PROBLEM STATEMENT >> Transcribe the data that follows in full. Leave out the pictures.
DATA BLOCK START
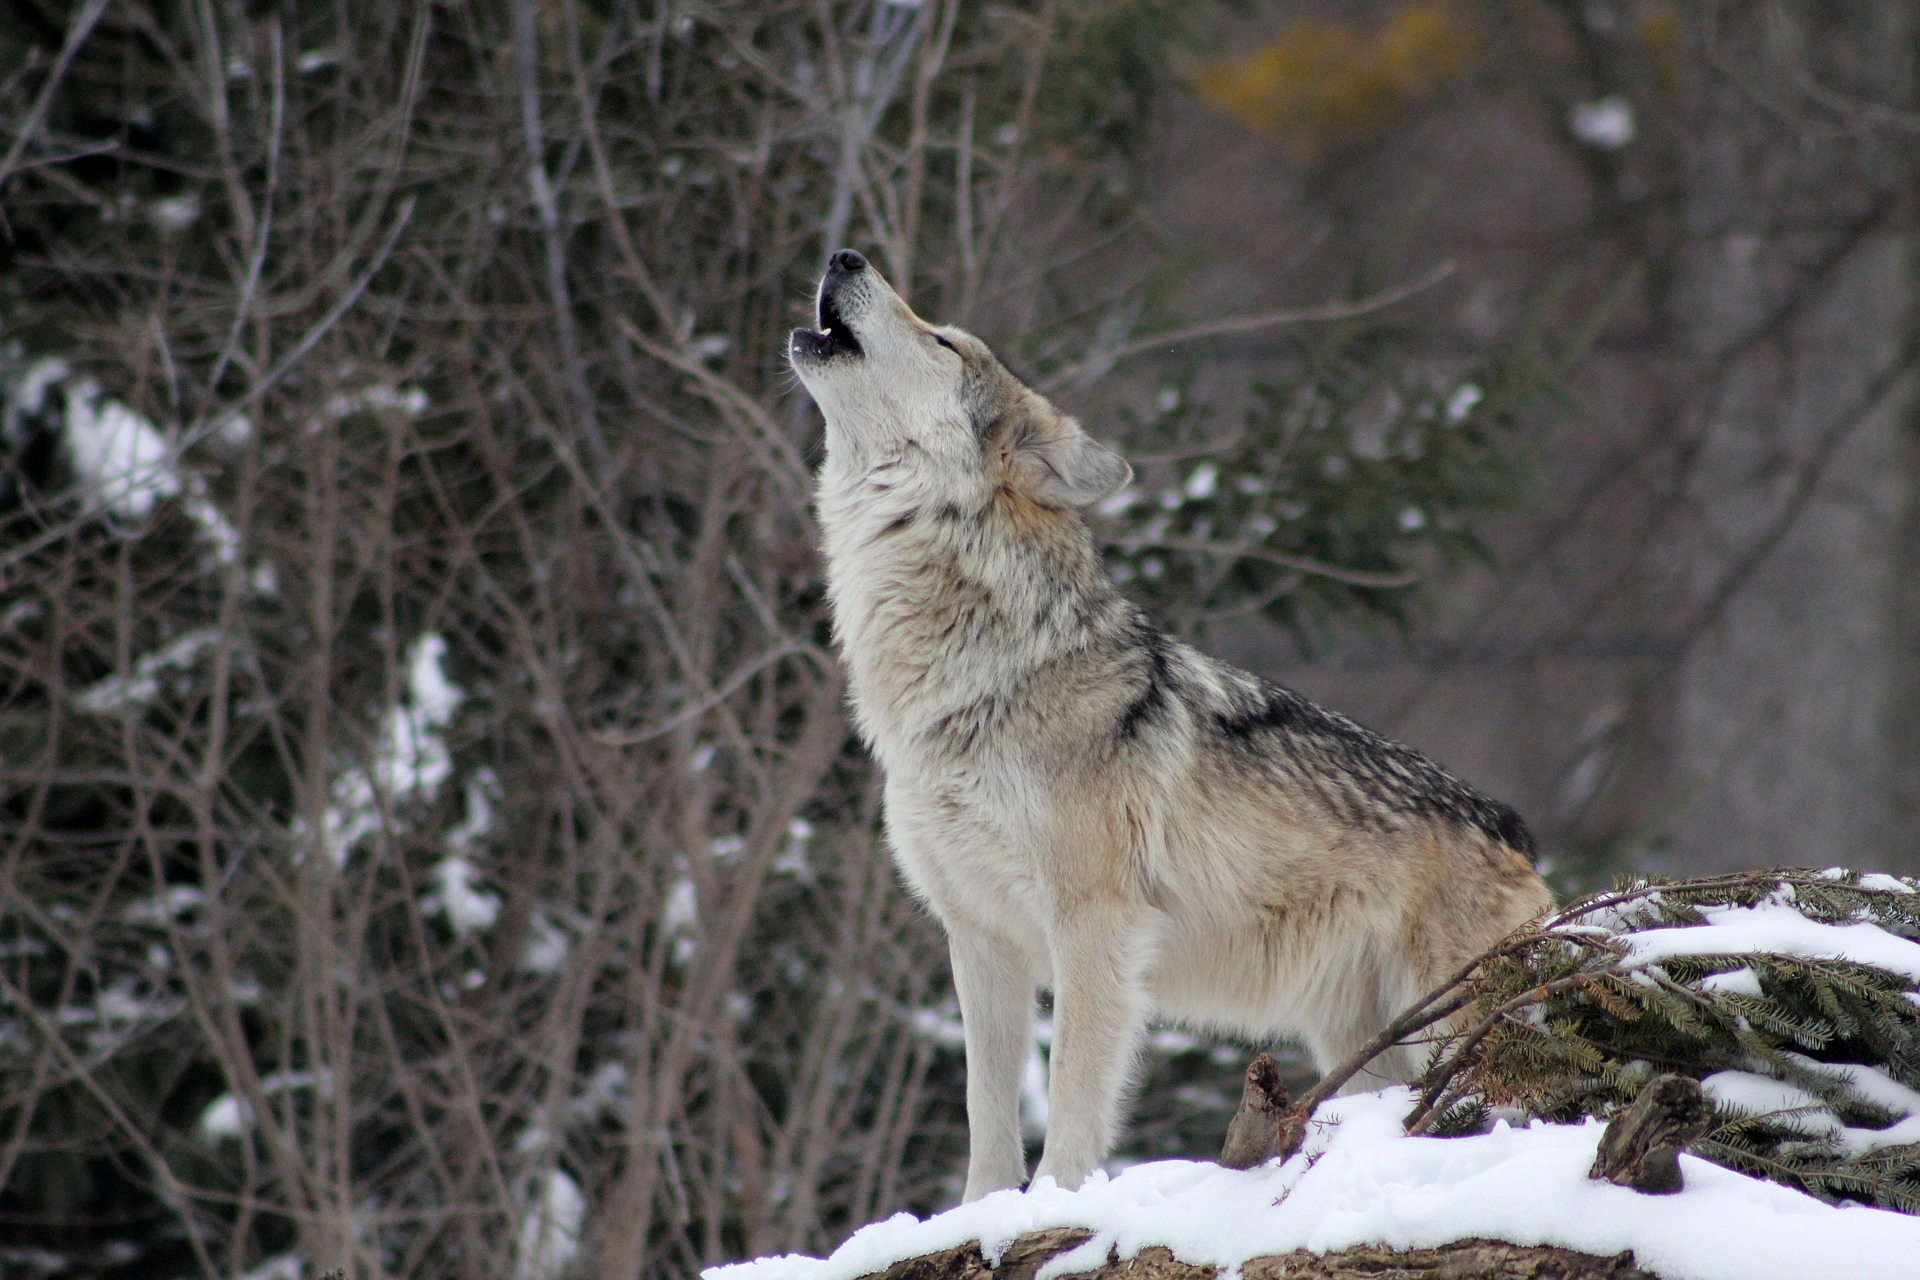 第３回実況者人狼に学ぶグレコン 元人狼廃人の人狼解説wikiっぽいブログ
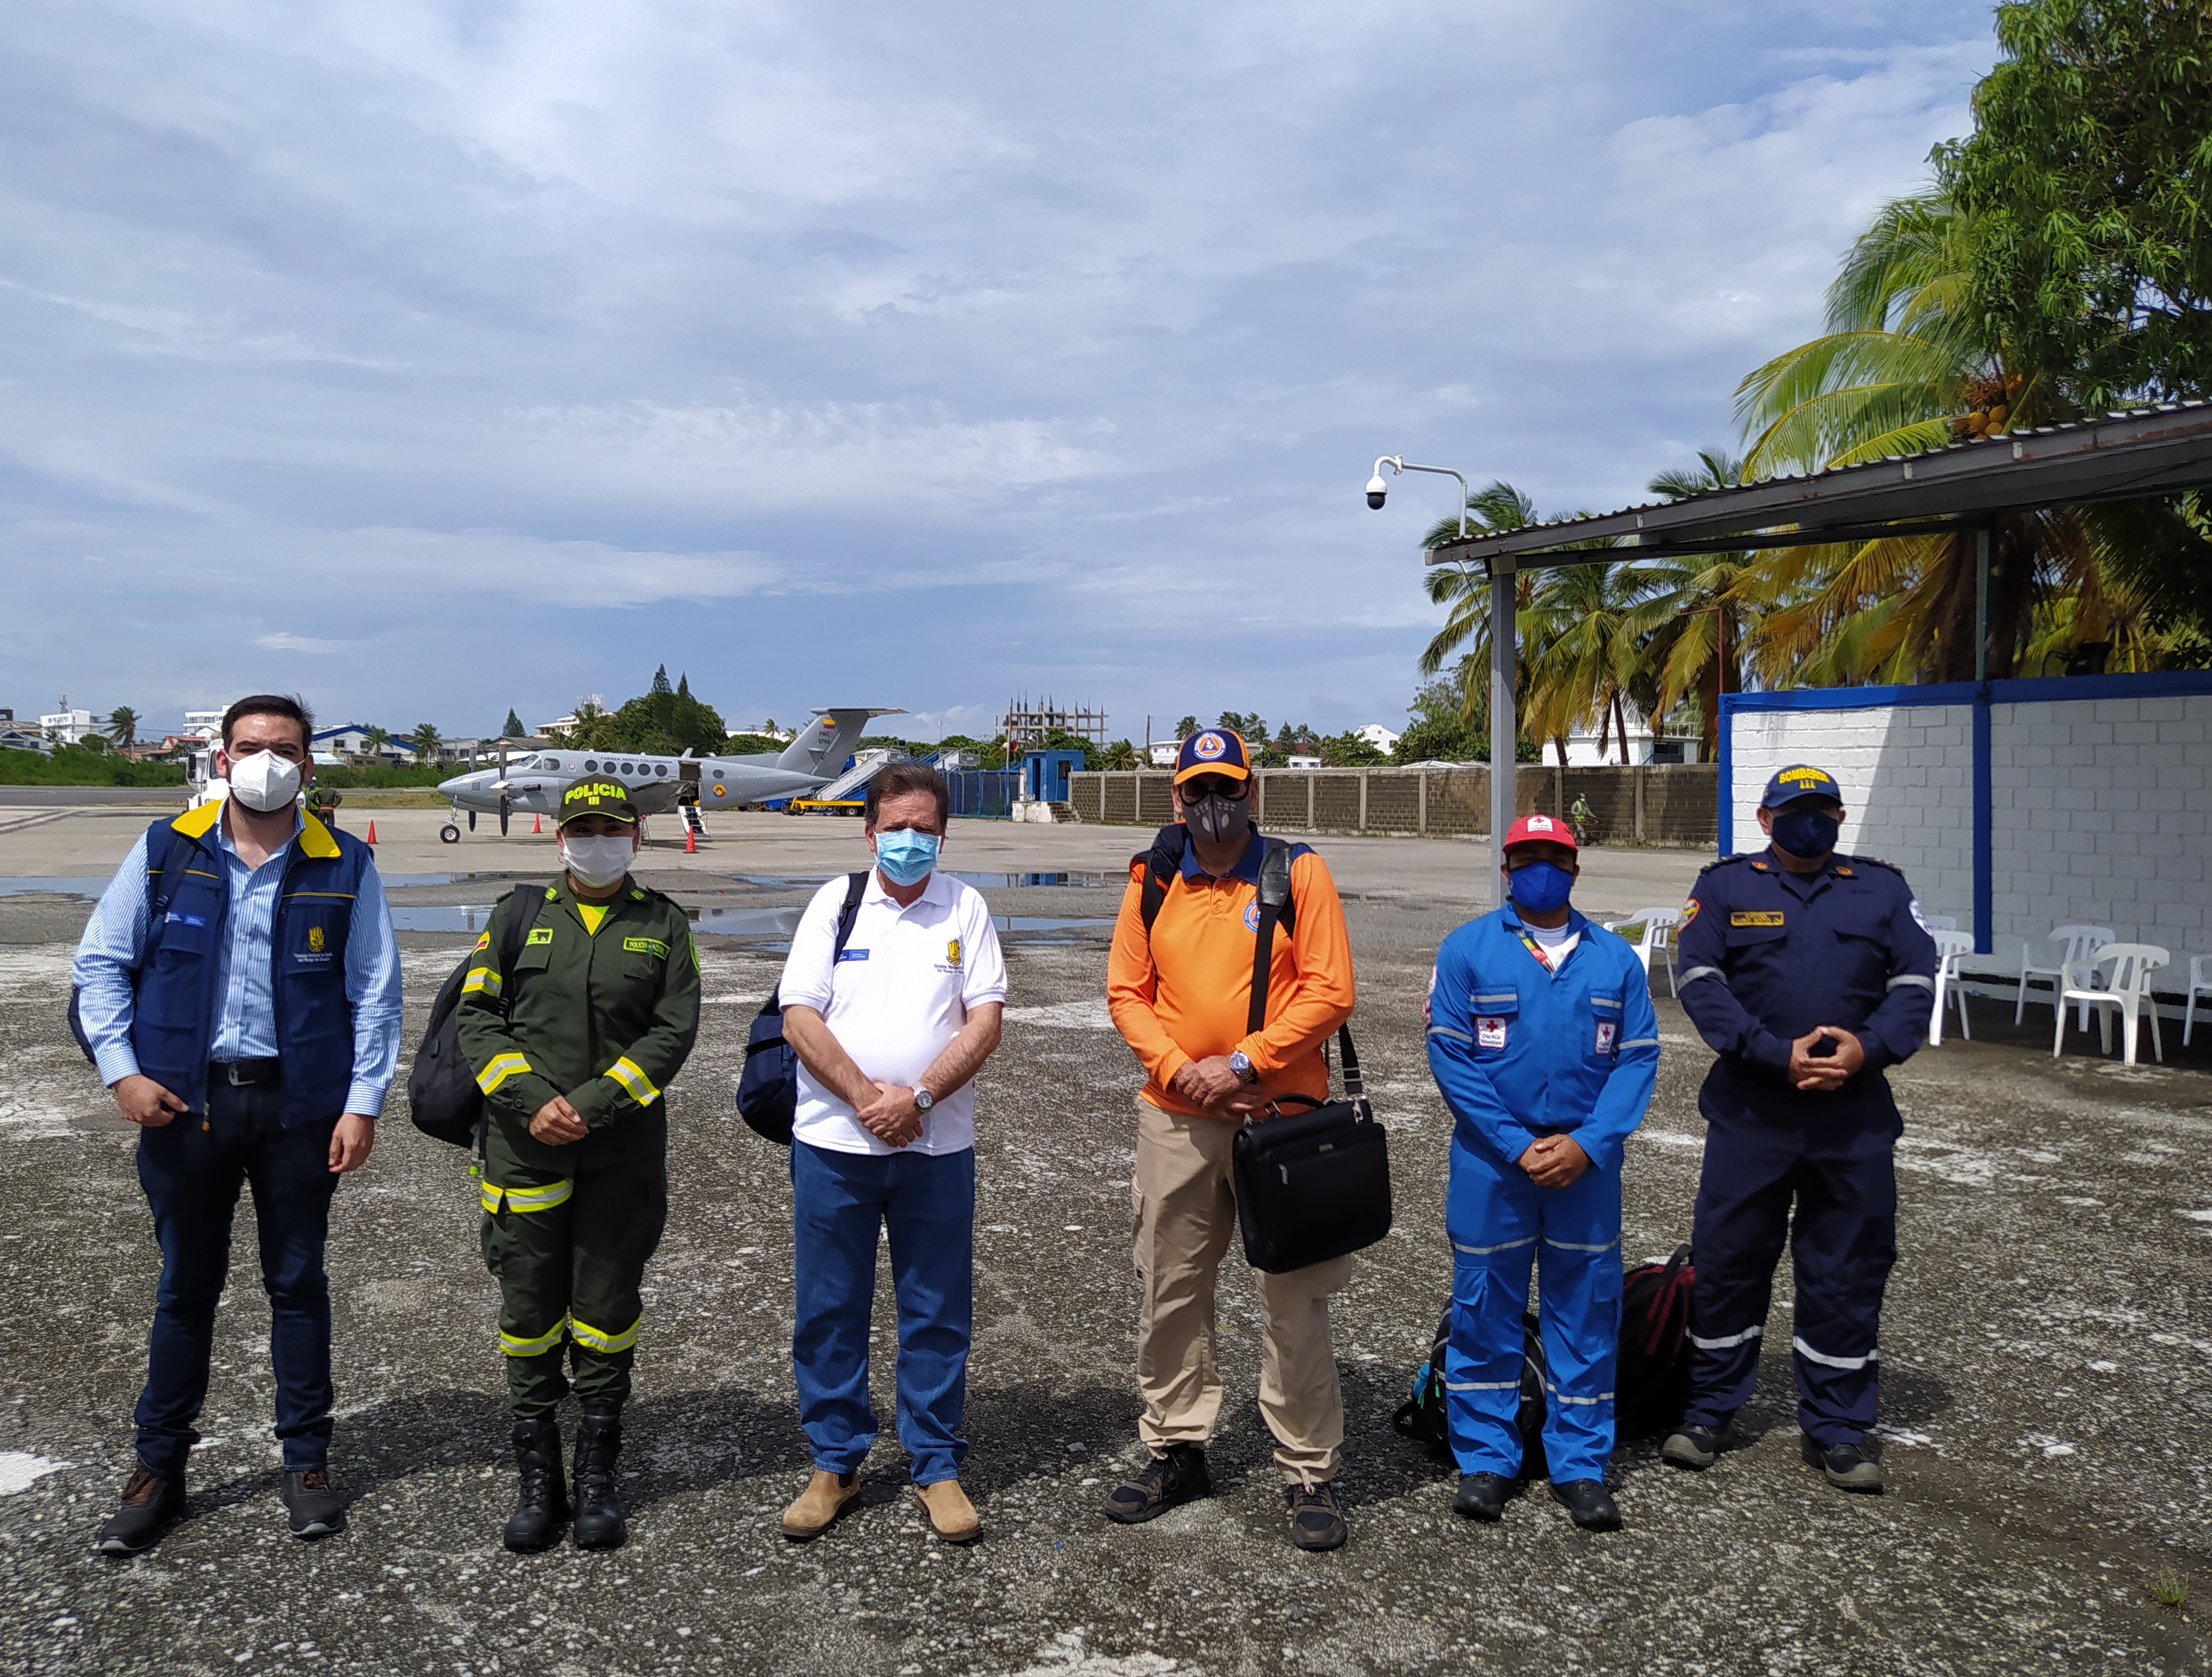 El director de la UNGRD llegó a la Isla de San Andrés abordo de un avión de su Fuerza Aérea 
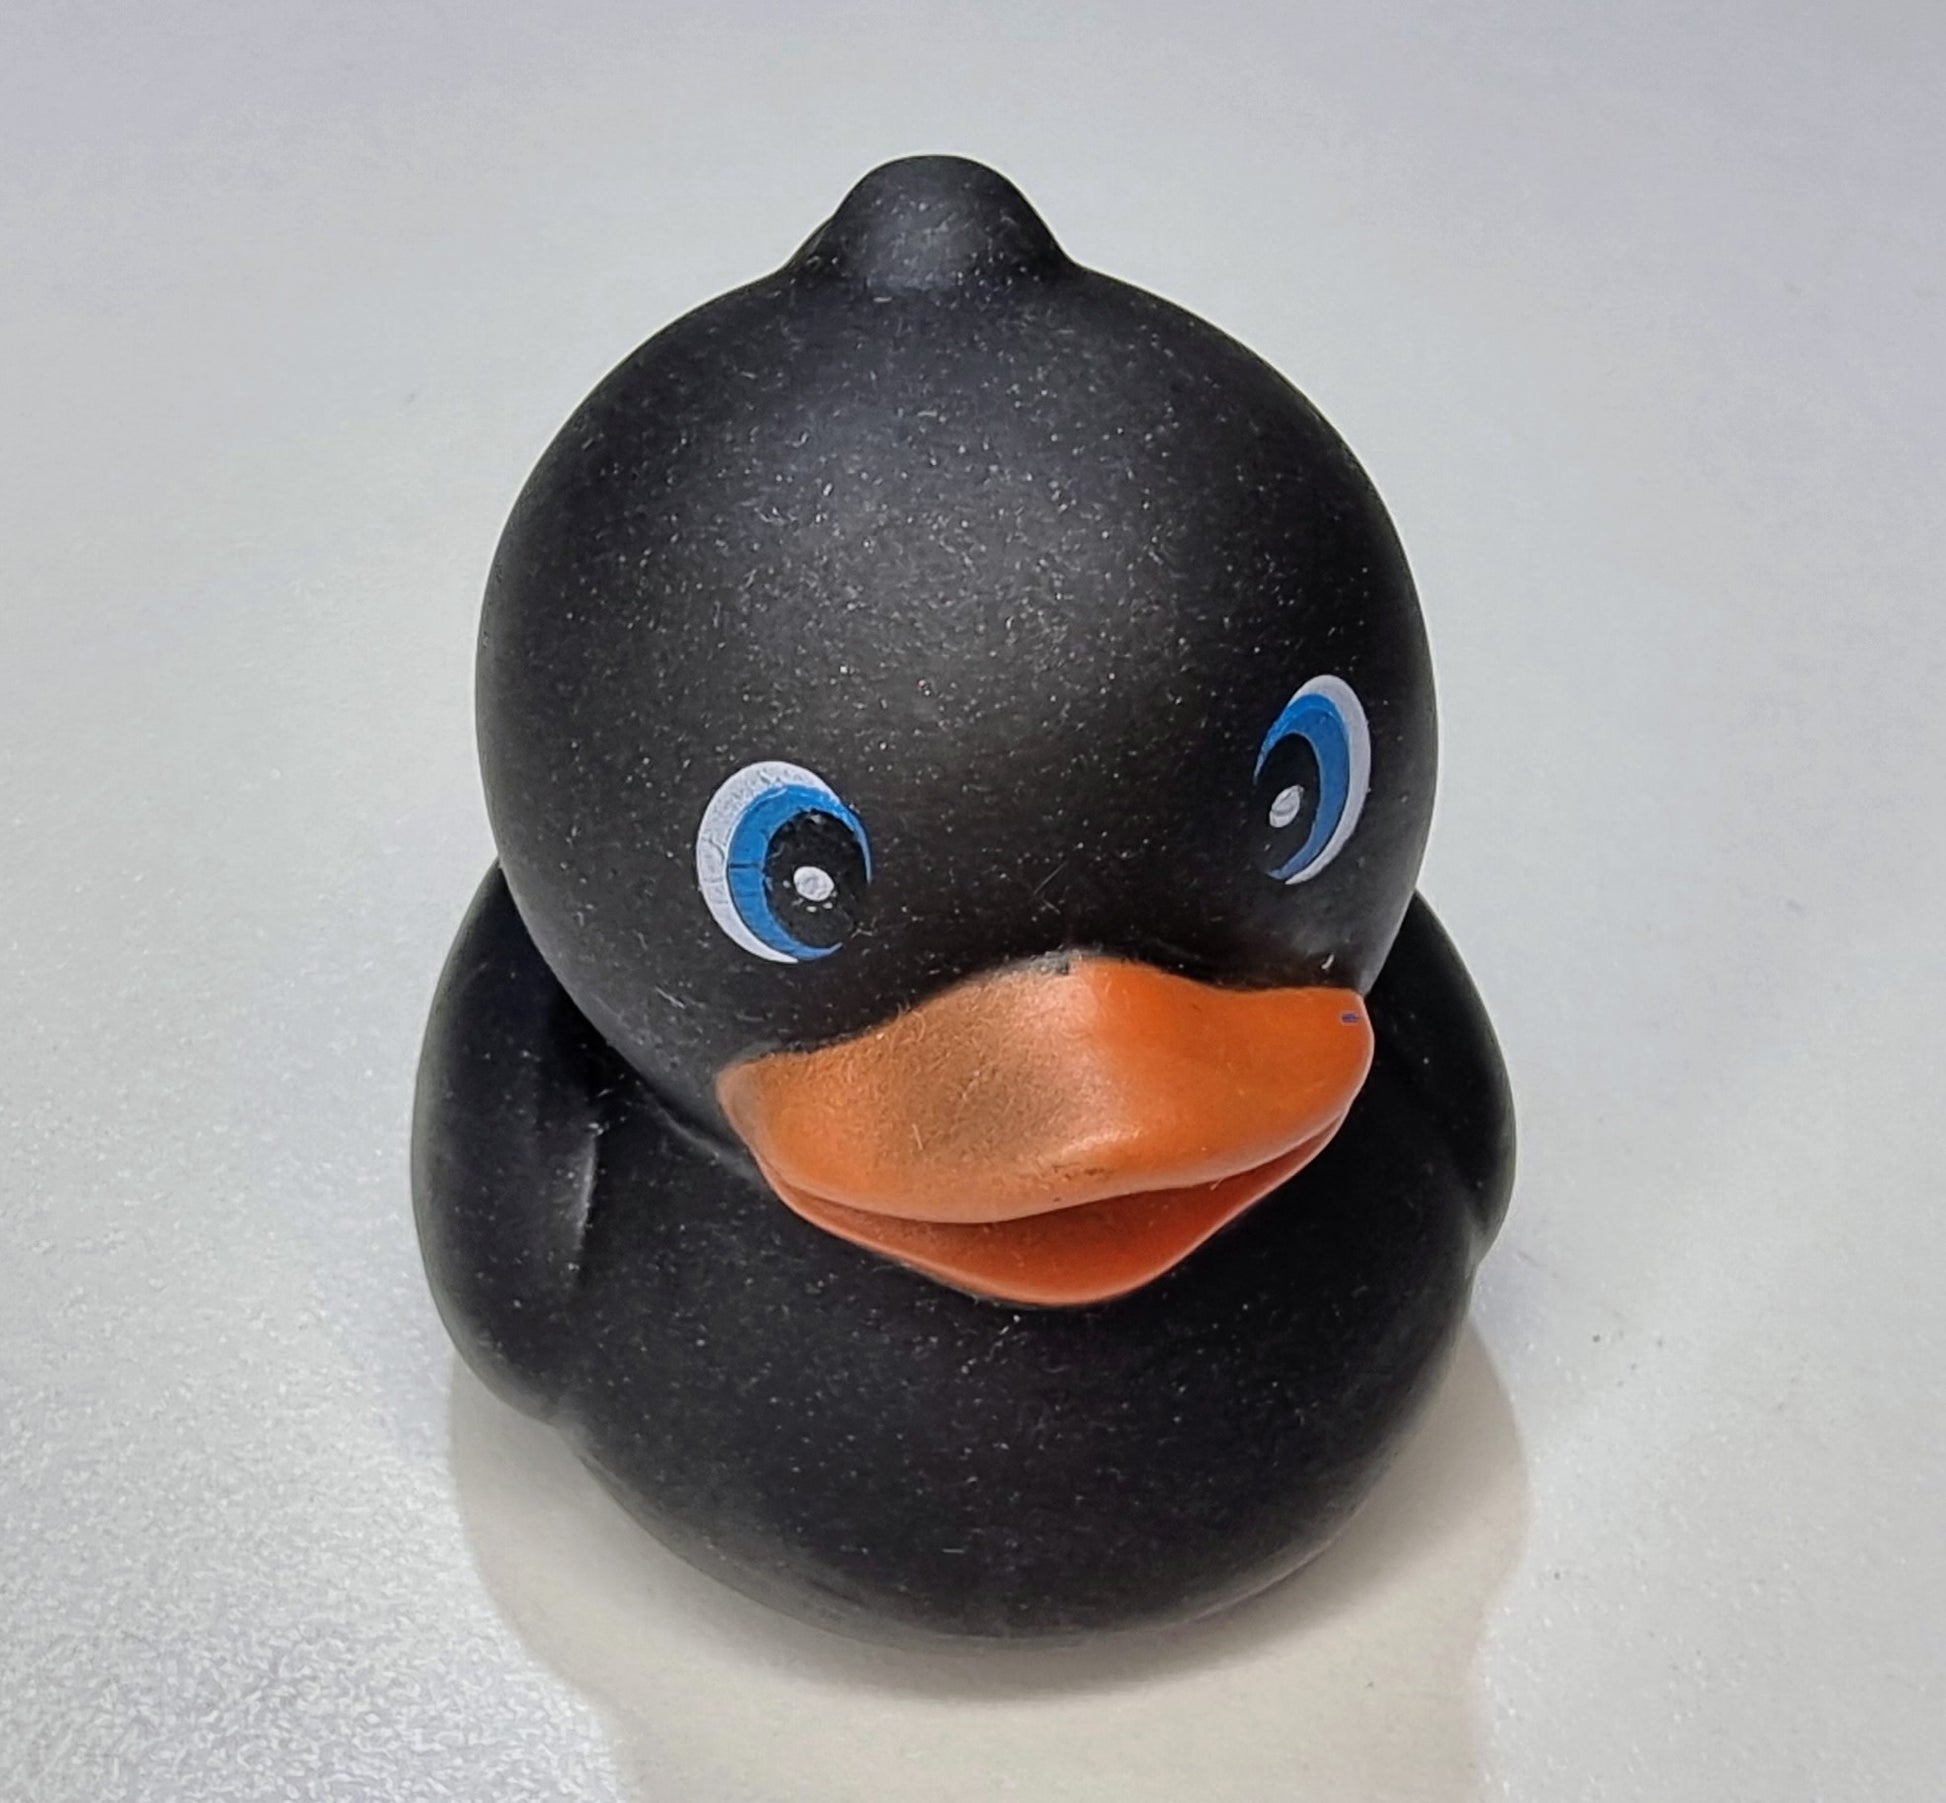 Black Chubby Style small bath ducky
DATA BLOCK END
ANSWER BELOW >>
 第３回実況者人狼に学ぶグレコン 元人狼廃人の人狼解説wikiっぽいブログ
 El director de la UNGRD llegó a la Isla de San Andrés abordo de un avión de su Fuerza Aérea 
 Black Chubby Style small bath ducky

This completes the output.